Rauschgifthandel - Die Drogen-Gangs im südafrikanischen Lavender Hill bei Kapstadt sind für Ihre Brutalität bekannt. © Seuffert, Felix Vergrößern Mitglieder der Drogenbande Junky Funkys vor einer Garage in Lavender Hill

Lavender Hill ist eine der Siedlungen in den Cape Flats rund um Kapstadt, die sich die Planer des Apartheidregimes einfallen ließen, um Schwarze und Coloureds aus den schönen, weißen Wohngegenden zu vertreiben. Lavender Hill wurde für „Menschen zweiter Klasse“ gebaut, und genauso sieht es aus: Reihe um Reihe von Wohnblocks. Es gibt keinen Spielplatz, keinen Supermarkt, kein Kino, nicht einmal einen Baum gibt es in dieser betonierten Einöde. 4000 Familien leben hier. Mehr als 60 Prozent der Menschen sind arbeitslos. Bis zu 70 Prozent jedes Jahrgangs verlassen die Schule vorzeitig. Weil viel gesoffen wird, gibt es viele behinderte Kleinkinder; und gedealt wird an jede Ecke, obwohl die meisten Menschen nur rund 100 Euro im Monat zum Leben haben. Trotzdem werden in Lavender Hill jedes Wochenende Drogen im Wert von rund 25.000 Euro umgesetzt. Pro Gang.
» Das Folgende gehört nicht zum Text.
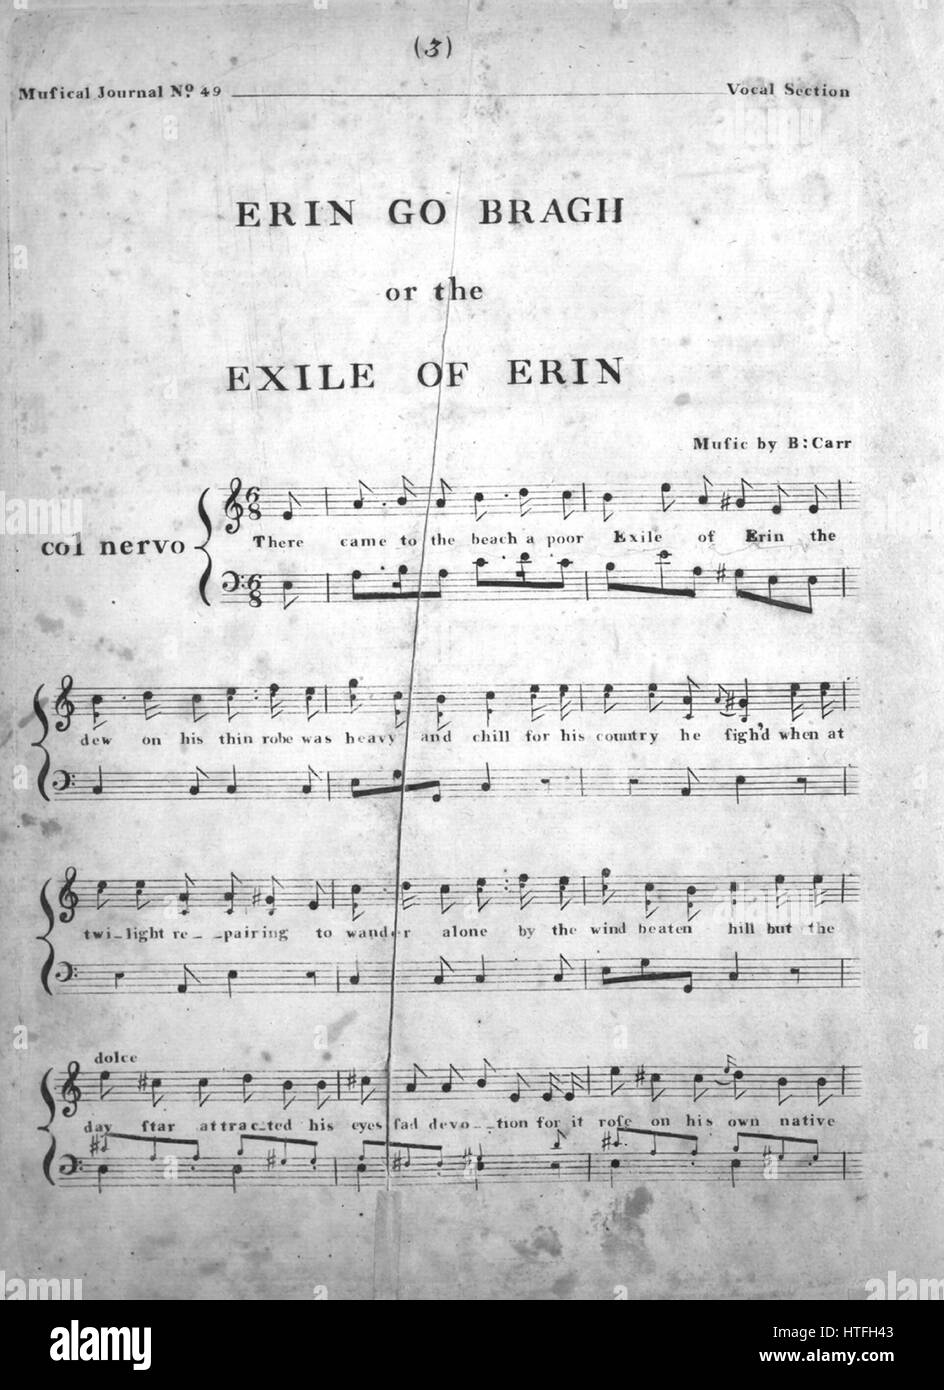 Foglio di musica immagine copertina della canzone "Erin Go Bragh o,  l'esilio di Erin', con paternitã originale lettura delle note di 'Musica da  B Carr', Stati Uniti, 1900. L'editore è elencato come '

“Ich fordere die Gangführer nicht heraus. Ich rede mit ihnen, als hätte ich gewöhnliche Geschäftsleute vor mir“, sagt Ruben Richards, der den Killern und Dealern seit September vergangenen Jahres so etwas wie zivilisiertes Verhalten beizubringen versucht. Richards sprang ein, als Stanford Hill nicht mehr weiter wusste. Richards stammt aus den Cape Flats, seine Frau wurde in Lavender Hill geboren. Er ist ein erfahrener Verhandlungsführer und zudem ein bekannter Mann in Südafrika. Richards war der Generalsekretär der Wahrheits- und Versöhnungskonferenz, die Licht in die Verbrechen der Apartheid brachte. Danach sollte er als Chef der südafrikanischen Polizeiakademie einer Truppe von uniformierten Schlägern den Dienst am Bürger im neuen Südafrika beibringen. Zuletzt war Richards Generalsekretär der auf die Bekämpfung von organisiertem Verbrechen spezialisierten Polizei-Sondereinheit „Scorpions“, bis diese aufgelöst wurde, weil sie ihren Job zu gut machte.